Movie production is the process used to generate a movie database for playback and a feature database for movie retrieval. When new movies come, they will go through two processes. One is encoding process, where the movie content is encoded and converted to a bit-stream suitable for streaming. The other is a preprocessing step, where some semantic contents of the movie are extracted, such as keywords, movie category, scene change information, story units, important objects, and so on.


Another important module is the user account management, which consists of a user registration control and a user account information database. User registration provides an interface for new users to register and existing users to log on. User account information database saves all the user information, including credit card number, user account number, balance, and so on. This information is very important and must be secured against intrusion during both transmission and storage.


After movie encoding production, a movie database is available for customers to browse. However, if the database contains tens of thousands of movies, it is difficult to find a wanted movie. Therefore, a search engine is necessary for the efficiency of the system. The search can be based on movie title, movie features, and/or important objects. Movie title search is quite obvious and can be implemented easily. Movie feature search means searching the feature database to find movies with certain, fundamental features. The features may include color, texture, motion, shape, and so on. A third search criteria may be to find movies with certain important objects, such as featured performers, director or other criteria.


Once an end user selects a movie, the movie streaming and data communication module will be started. Streaming and data communication is a process to open a connection between the client and media server and send the compressed movie file to the client for playback. The file is in a format suitable for streaming. By using streaming, the client can start to play the movie after buffering a certain number of frames, which is much more user friendly than downloading and playing.

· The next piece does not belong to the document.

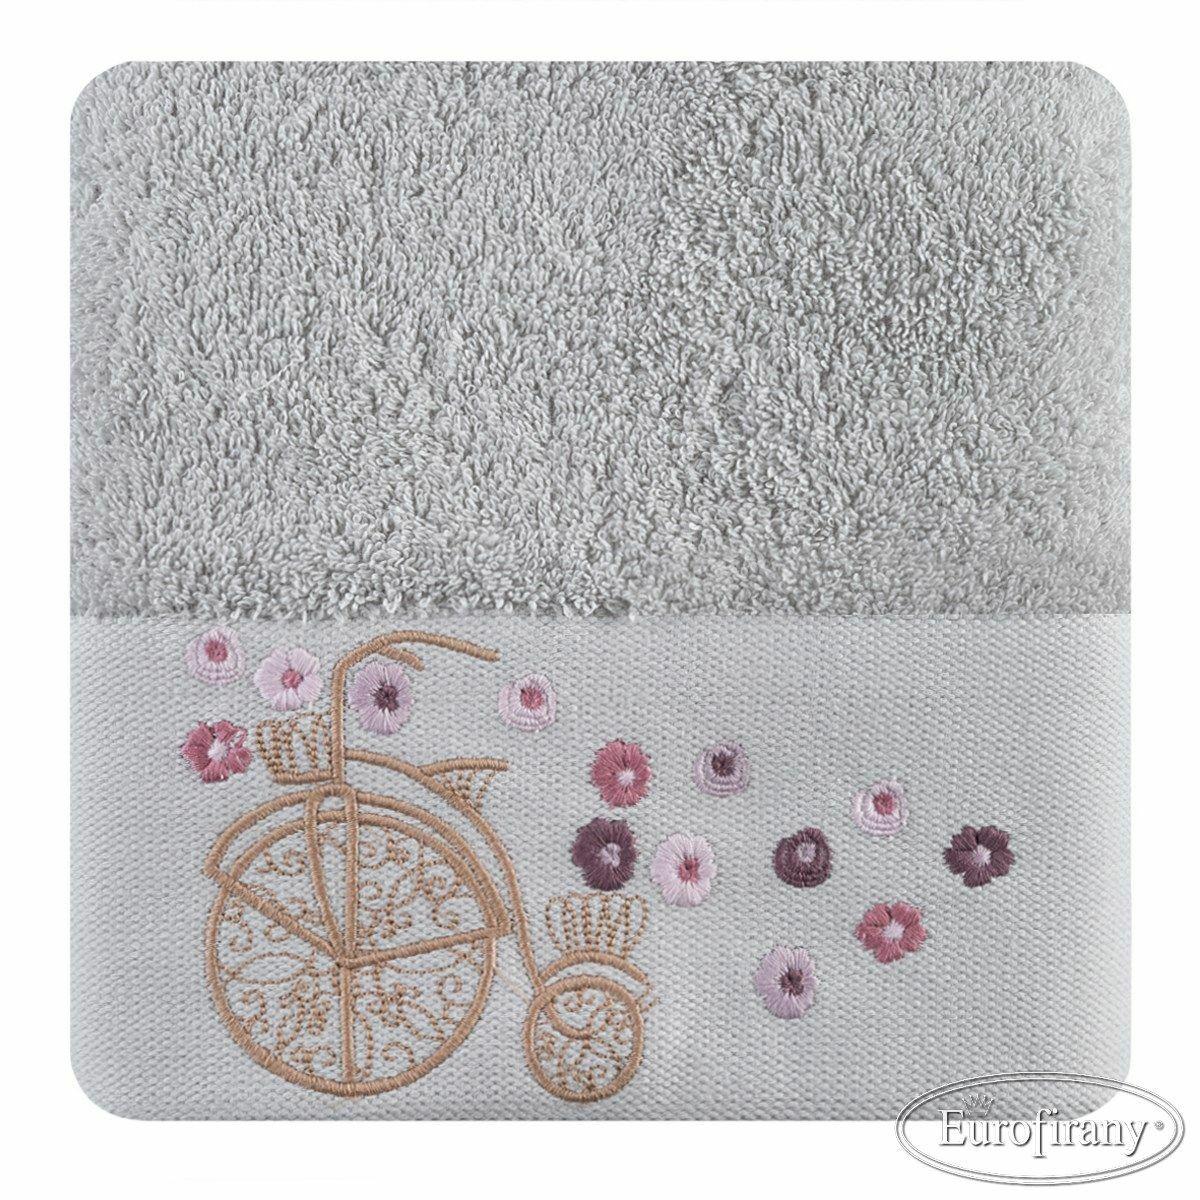 Ręcznik Joy 70x140 02 srebrny z haftem rowerek 500 gsm Eurofirany
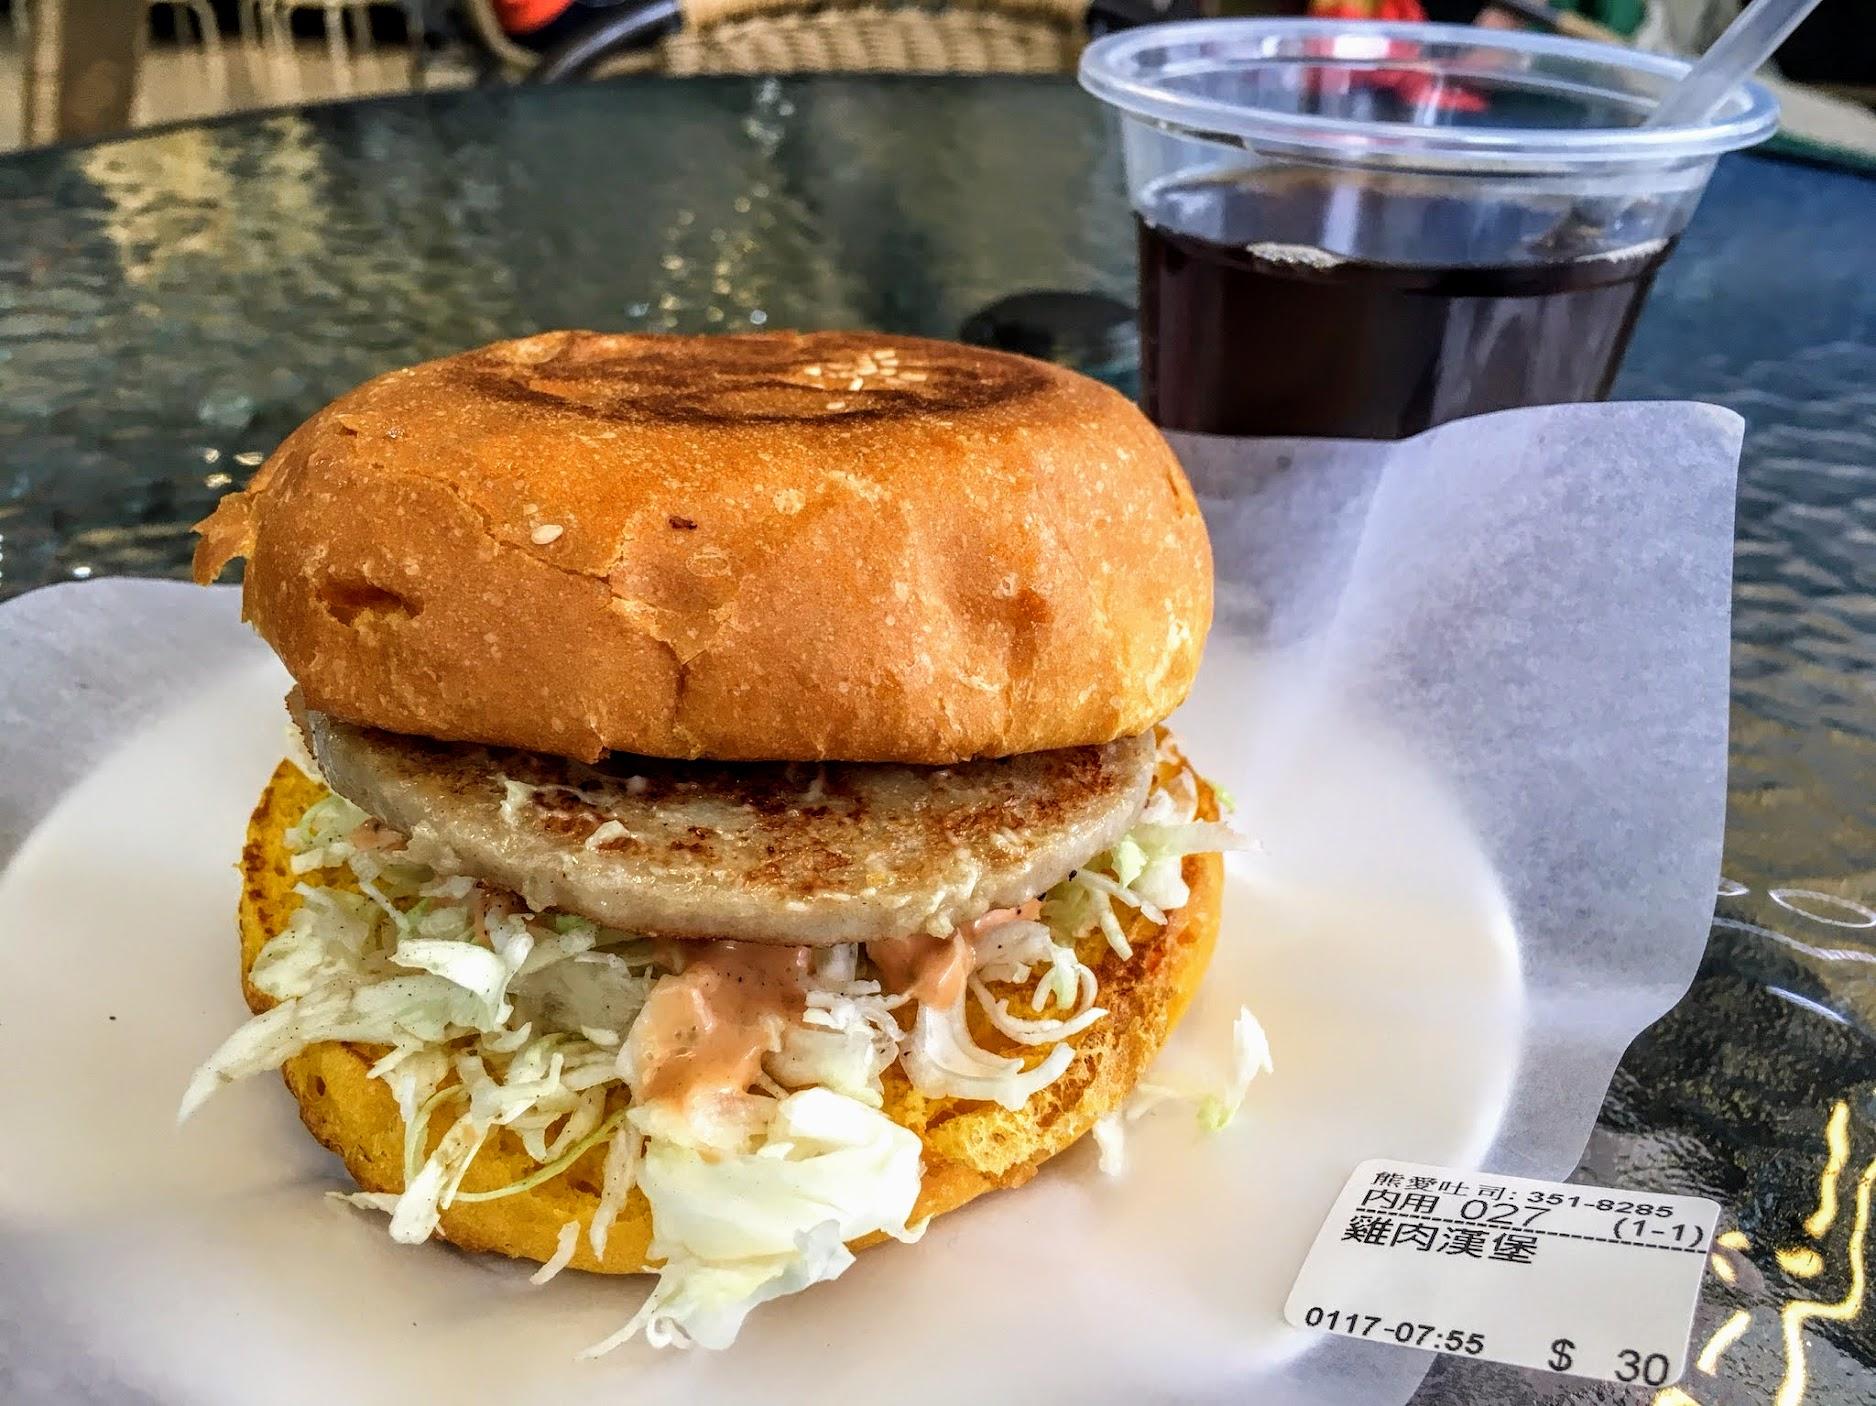 雞肉漢堡,中間夾著雞肉片,只是雞肉片不大塊就是了...底下生菜是切絲的,再淋上沙拉醬...

The next module is responsible for playing and controlling the movie. Movie playback will be performed while streaming continues. At the same time, another thread will be maintained for the control information from the customer. The control information includes play/stop/pause, fast forward/backward, and exit.


When a user chooses a movie to watch, the web server should activate the corresponding player, which will communicate with the media server for the specific movie. Some configuration is required to enable the web server to recognize appropriate file extensions and call the corresponding player.


The media server is of key importance within the system and its responsibilities include setting up connections with clients, transmitting data, and closing the connections with clients.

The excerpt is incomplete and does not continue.